There are a few really interesting project that are already up and running that allow you to explore XDP without learning the innards of both eBPF and the kernel networking stack. I explored the samples in the bcc compiler collection and also the samples from the netoptimizer/prototype-kernel repository.
The easiest way to get started with these is with a virtual machine, as recent virtio network drivers support XDP. If you are using Ubuntu, you can use the uvt-kvm tooling to trivially set up a VM running Ubuntu Zesty on your local machine.
Once your VM is installed, you need to shut it down and edit the virsh XML.
You need 2 vCPUs (or more) and a virtio+vhost network card. You also need to edit the 'interface' section and add the following snippet (with thanks to the xdp-newbies list):
<driver name='vhost' queues='4'> <host tso4='off' tso6='off' ecn='off' ufo='off'/> <guest tso4='off' tso6='off' ecn='off' ufo='off'/> </driver>
(If you have more than 2 vCPUs, set the queues parameter to 2x the number of vCPUs.)
Then, install a modern clang (we've had issues with 3.8 - I recommend v4+), and the usual build tools.
I recommend testing with the prototype-kernel tools - the DDOS prevention tool is a good demo. Then - on x86 - you just follow their instructions. I'm not going to repeat that here.
XDP does not disappoint.
Firstly, the prototype-kernel repository hard codes x86 as the architecture for kernel headers. You need to change it for powerpc.
Then, once you get the stuff compiled, and try to run it on a current-at-time-of-writing Zesty kernel, you'll hit a massive debug splat ending in:
32: (61) r1 = *(u32 *)(r8 +12) misaligned packet access off 0+18+12 size 4 load_bpf_file: Permission denied
It turns out this is because in Ubuntu's Zesty kernel, CONFIG_HAS_EFFICIENT_UNALIGNED_ACCESS is not set on ppc64el. Because of that, the eBPF verifier will check that all loads are aligned - and this load (part of checking some packet header) is not, and so the verifier rejects the program.

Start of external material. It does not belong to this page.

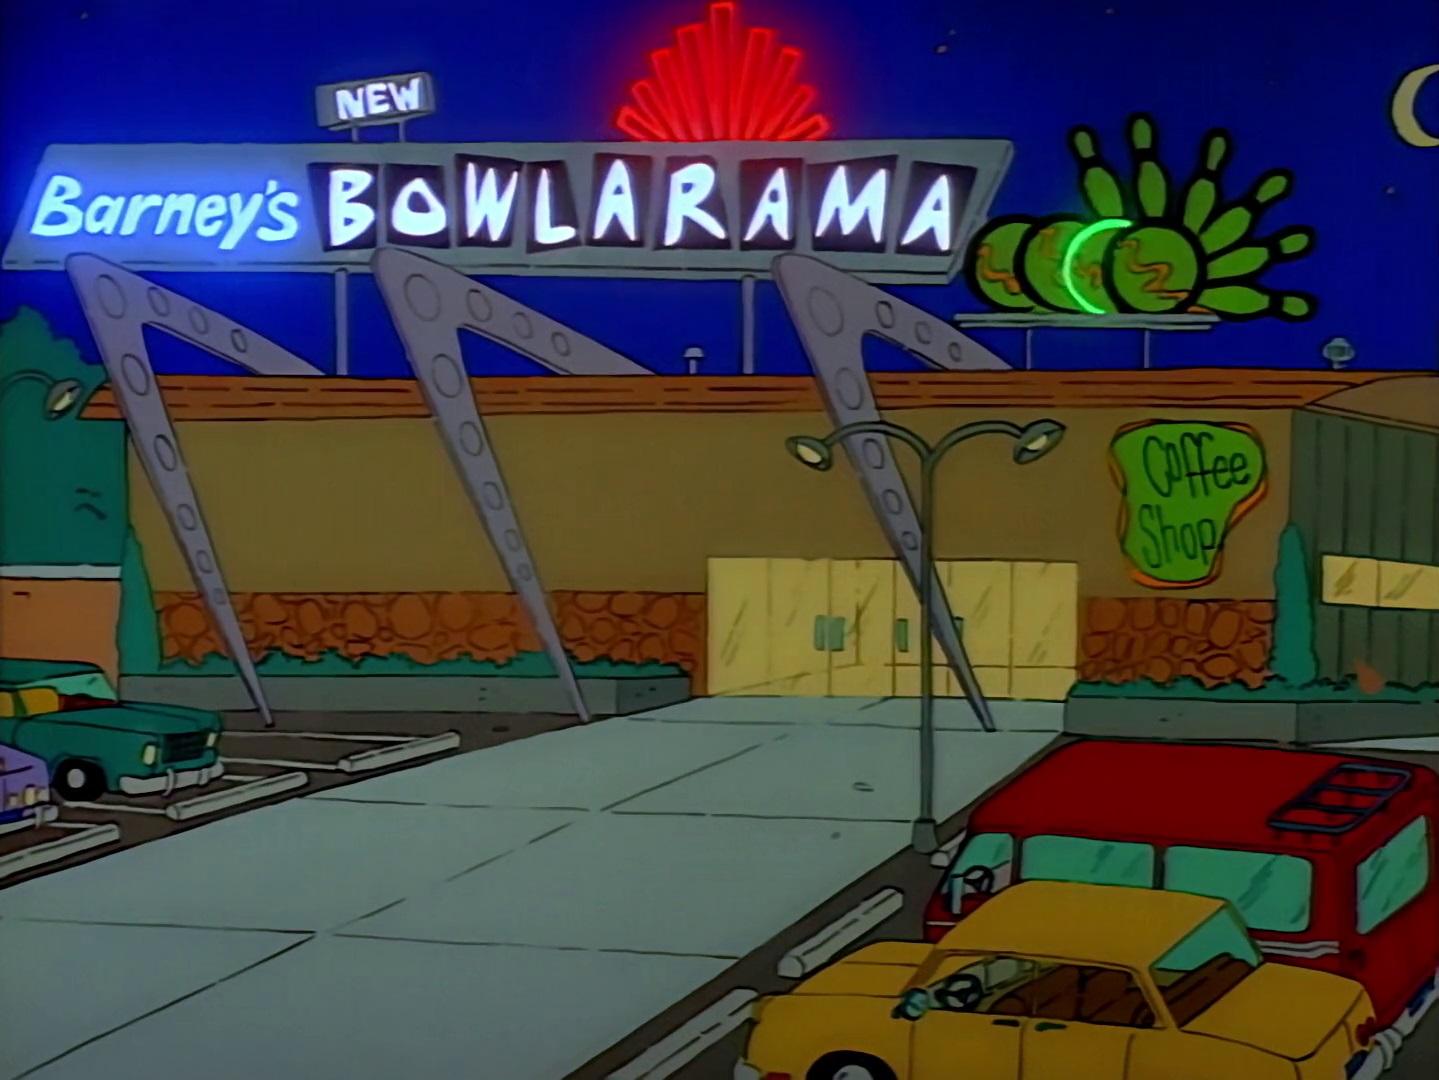 Barney's Bowlarama

Unaligned access is not enabled because the Zesty kernel is being compiled for CPU_POWER7 instead of CPU_POWER8, and we don't have efficient unaligned access on POWER7.
As it turns out, IBM never released any officially supported Power7 LE systems - LE was only ever supported on Power8. So, I filed a bug and sent a patch to build Zesty kernels for POWER8 instead, and that has been accepted and will be part of the next stable update due real soon now.

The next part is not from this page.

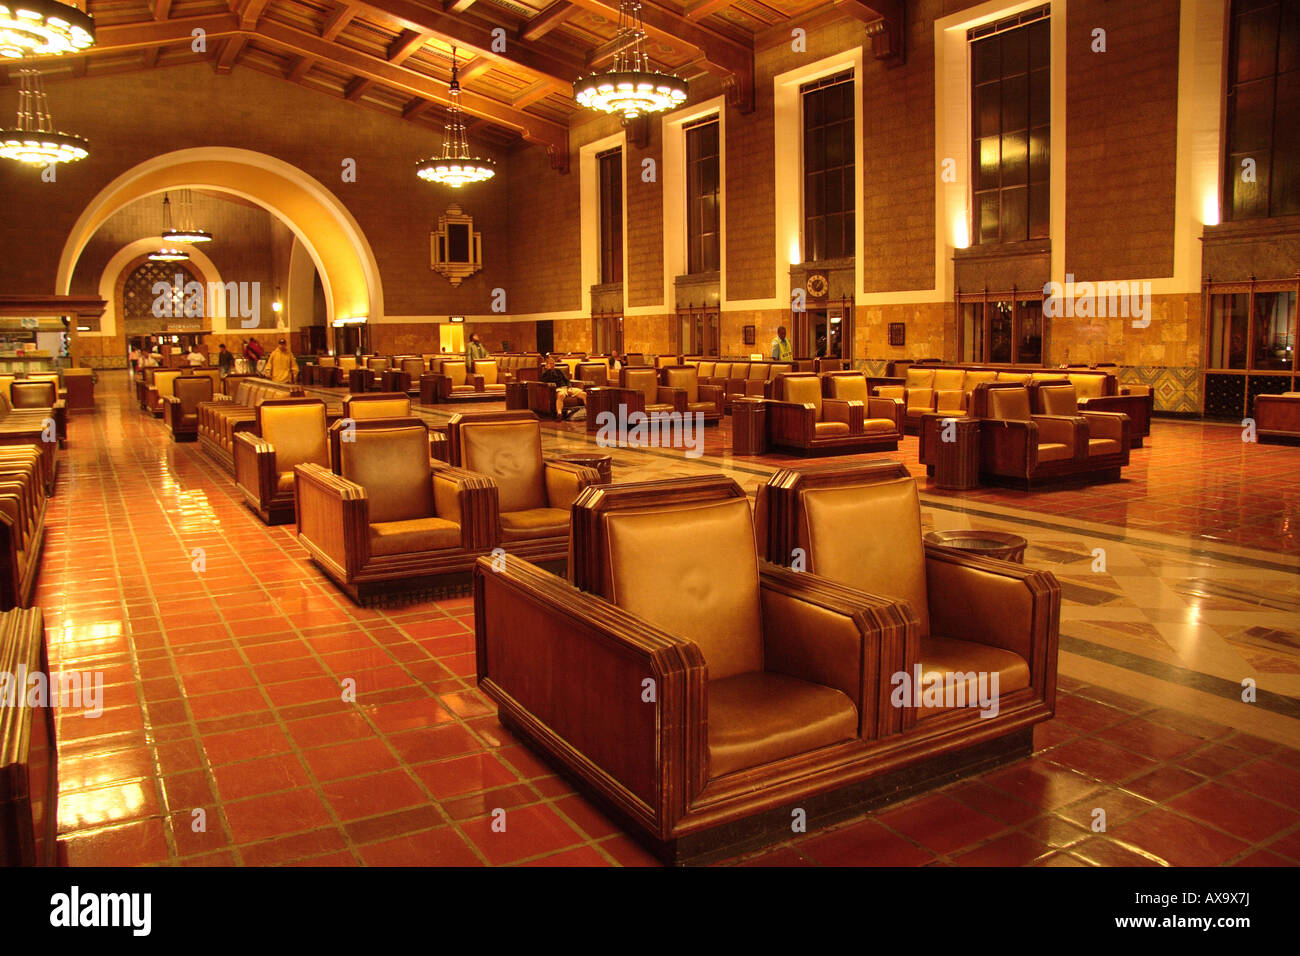 Interior Los Angeles Union Station Lobby 1940's decor Immagini Stock

Sure enough, if you install a kernel with that config change, you can verify the XDP program and load it into the kernel!
If you have real powerpc hardware, that's enough to use XDP on Power! Thanks to Michael Ellerman, maintainer extraordinaire, for verifying this for me.
If - like me - you don't have ready access to Power hardware, you're stuffed. You can't use qemu in TCG mode: to use XDP with a VM, you need multi-queue support, which only exists in the vhost driver, which is only available for KVM guests. Maybe IBM should release a developer workstation. (Hint, hint!)
Overall, I was pleasantly surprised by how easy things were for people with real ppc hardware - it's encouraging to see something not require kernel changes!
eBPF and XDP are definitely growing technologies - as Brendan Gregg notes, now is a good time to learn them! (And those on Power have no excuse either!)